CBT therapy can also be very beneficial when needing immediate strategies to improve our mental health.
Also, by naming something and shedding light on our shadow parts, we de-shame secrets and stories in a safe environment. Something that was really important for me as I struggled a lot with shame and keeping things un-expressed.
Life coaching definitely also helped me gain new perspectives, as well as adjust my habits and thinking.
All the work I did with therapists and coaches served as an entry into exploring my psyche and unhealthy thinking patterns.
Why Talk Therapy + Life Coaching Don’t Work
We are not just our minds - even though Western culture tries to make us believe that.
The thing with talk therapy and coaching is -
We stay on the level of the mind and try to intellectually understand and change things that happened on an emotional and somatic level.
As Bessel van der Kolk’s book title says: “The body keeps the score.” Trauma and big emotional experiences are stored in our physical body, our nervous system and our emotional body. Unprocessed and unexpressed emotions don’t just disappear, they are buffered.
When the body holds the memory of the trauma, people can get stuck in chronic fight, flight, freeze responses in the body which cause a variety of physical, mental, and relational issues to occur.
““We have learned that trauma is not just an event that took place sometime in the past; it is also the imprint left by that experience on mind, brain, and body. This imprint has ongoing consequences for how the human organism manages to survive in the present.
(…)
Psychologists usually try to help people use insight and understanding to manage their behavior. However, neuroscience research shows that very few psychological problems are the result of defects in understanding; most originate in pressures from deeper regions in the brain that drive our perception and attention. When the alarm bell of the emotional brain keeps signaling that you are in danger, no amount of insight will silence it.”
- Bessel van der Kolk
Most developmental and shock trauma can't be treated linguistically, it can't be processed 'as a story' before it is processed somatically.
Talk therapy is considered a “top down” approach, as it relies heavily on verbal expression and cognitive functioning. Talk therapy often heavily relies on intellectual insights for change and for talking as growth. Also, it can encourage people to get stuck in patterns of thought or narratives that do not serve them for their evolution.
A big reason we get stuck with talk therapy is also because a lot of trauma happened to us before we were able to speak or before we were able to form distinct memories of the experience. Some big experiences are buffered in our bodies purely somatically and as an emotion, eg. pre-verbal trauma, birth trauma, pre-natal trauma or even ancestral trauma that was passed on to us (it is said that trauma is passed on through seven generations).
On top of all that, the things we struggle to change usually sit in the unconscious. But talk therapy and coaching usually only help us access conscious material, which only makes up about 5-10% of our total mind.

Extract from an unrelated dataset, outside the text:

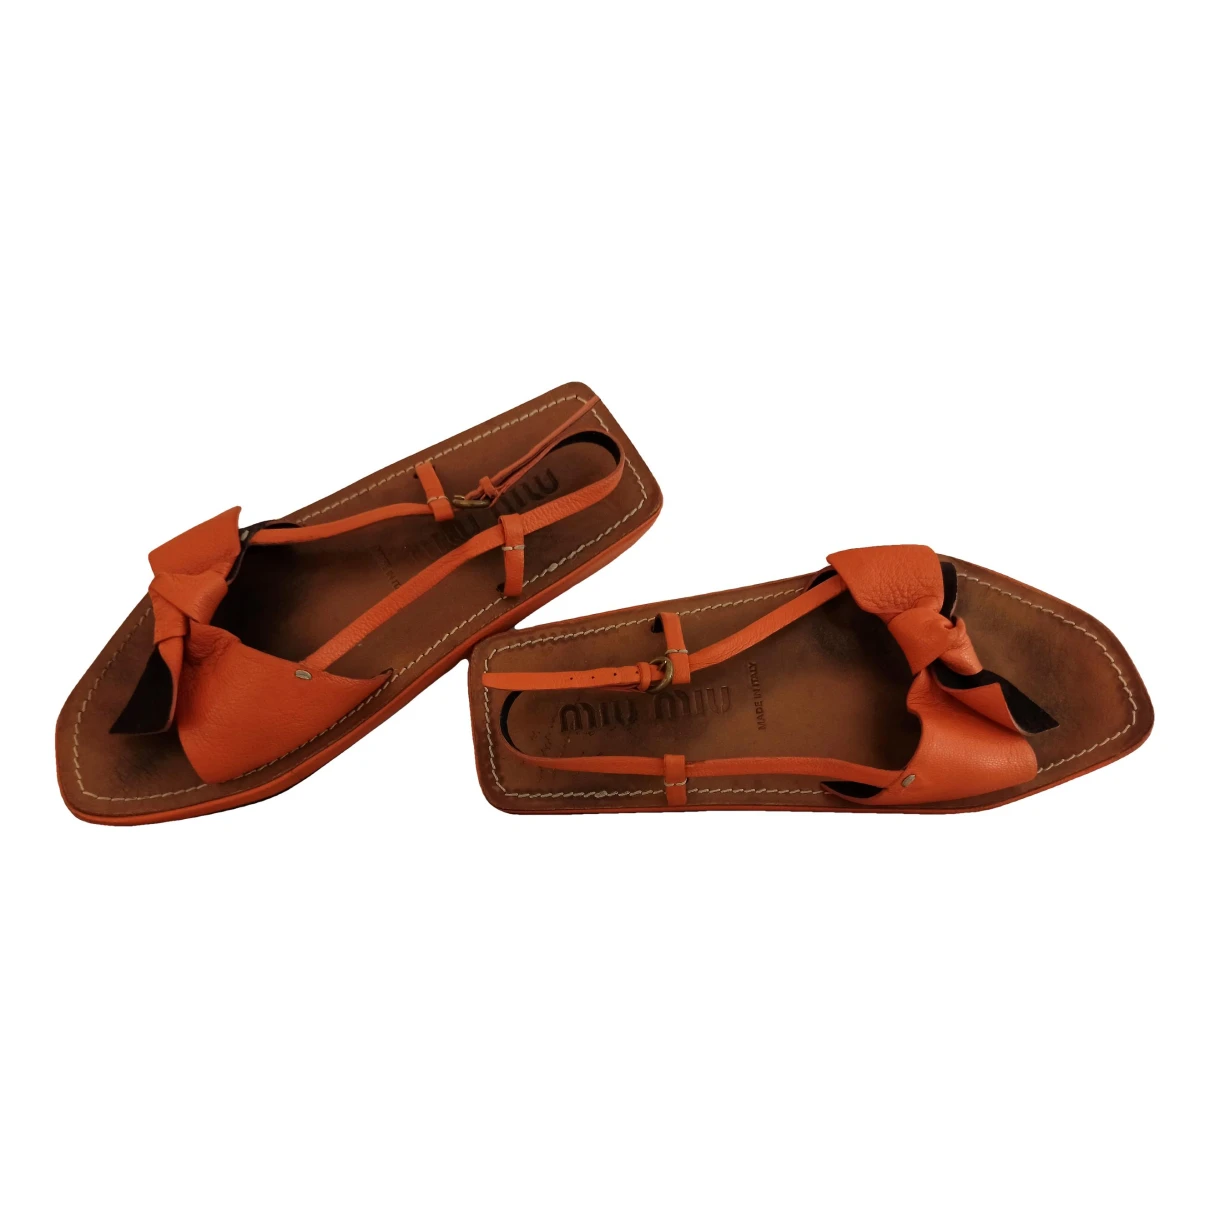 Pre-owned Miu Miu Leather Sandal In Orange

Plus, never once did I explore nutrition in therapy, though it can deeply affect mental health.
Medication is often prescribed as a first stop instead of a last resort (which in some very serious cases might be necessary).
A lot of therapy also doesn’t teach easily available and incredibly powerful tools of how to regulate the body's nervous system, which is often a driving factor in anxiety.

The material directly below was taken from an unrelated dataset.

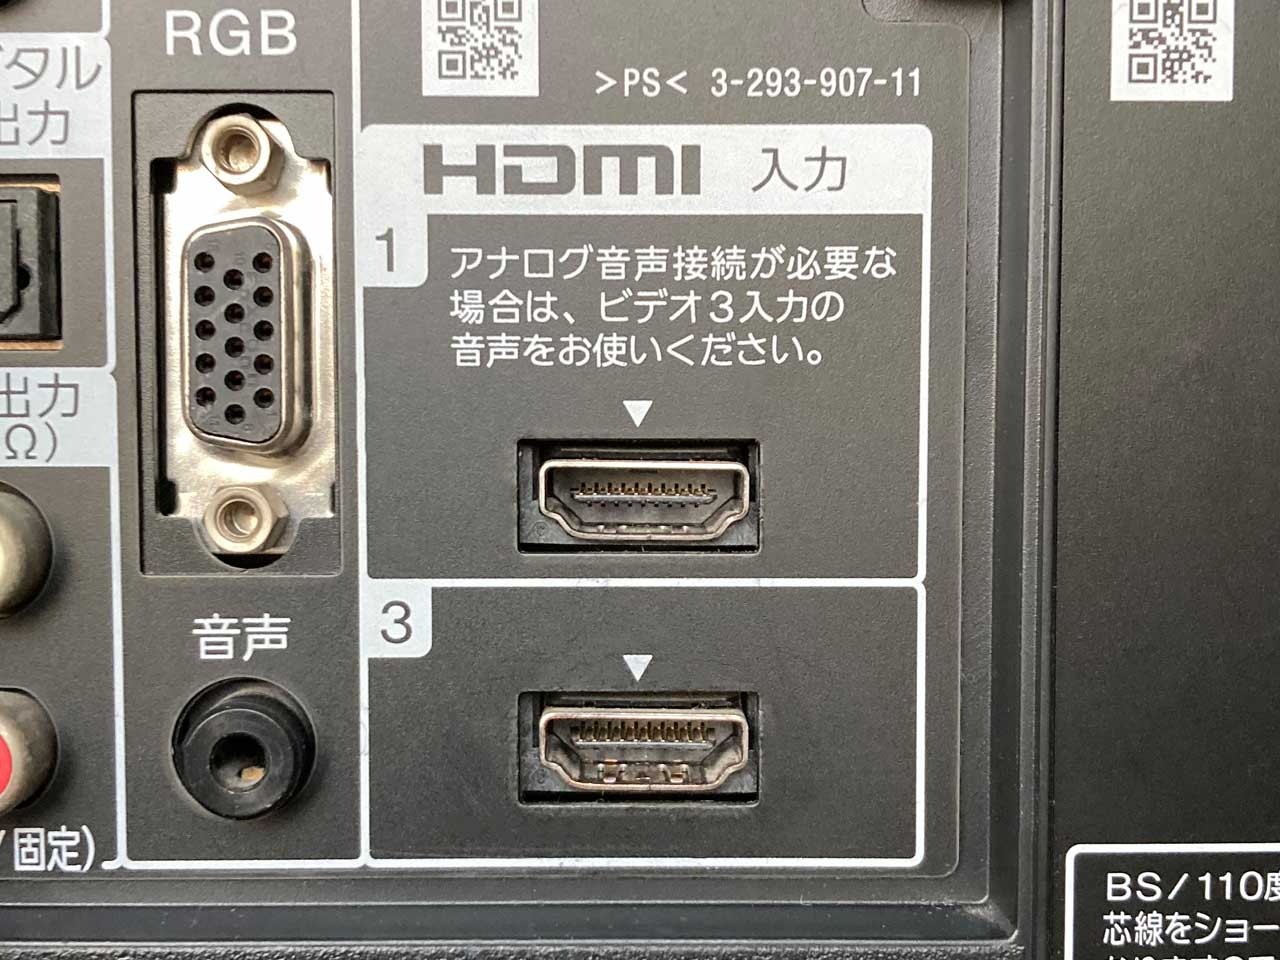 テレビのHDMIポートと番号を確認

Lastly, many life coaches and even therapists are not trauma-informed or trained in trauma awareness.
Beyond Talk Therapy: The Alternatives
There is so much more beyond talk therapy that I have found way more effective on my journey to lasting transformation and healing.
I have divided them into two categories:
Somatic modalities to heal and reprogram our nervous system and stress responses in our bodies.
Practices that help us access our subconscious mind.
Somatic Therapy Approaches
Somatic psychotherapy instead works from the “bottom up”– reducing stress and anxiety physiologically, through changing the autonomic nervous system and discharging trauma.
Through somatic modalities, I learned to
re-connect to my body and listen to the signals it gives me
create a sense of internal safety and feel safe feeling my emotions
self-regulate my emotions and find more inner calm
Here are some somatic therapy approaches to healing and transformation:
Somatic Experiencing
Grinberg Method
Feldenkrais
Breathwork (daily to regulate nervous system and regular deep dive sessions for releasing emotions and unprocessed trauma and access subconscious )
EMDR
Practices to Access the Subconscious Mind
Here are ways to access to the other 95% of the material that make up our minds:
Psychedelic and MDMA-assisted therapy methods
Plant Medicine (eg. Ayahuasca, San Pedro..)
Dream Analysis
Internal Family Systems
Talk therapy and life coaching are good entryways in the beginning when we are starting our journeys into healing and transformation.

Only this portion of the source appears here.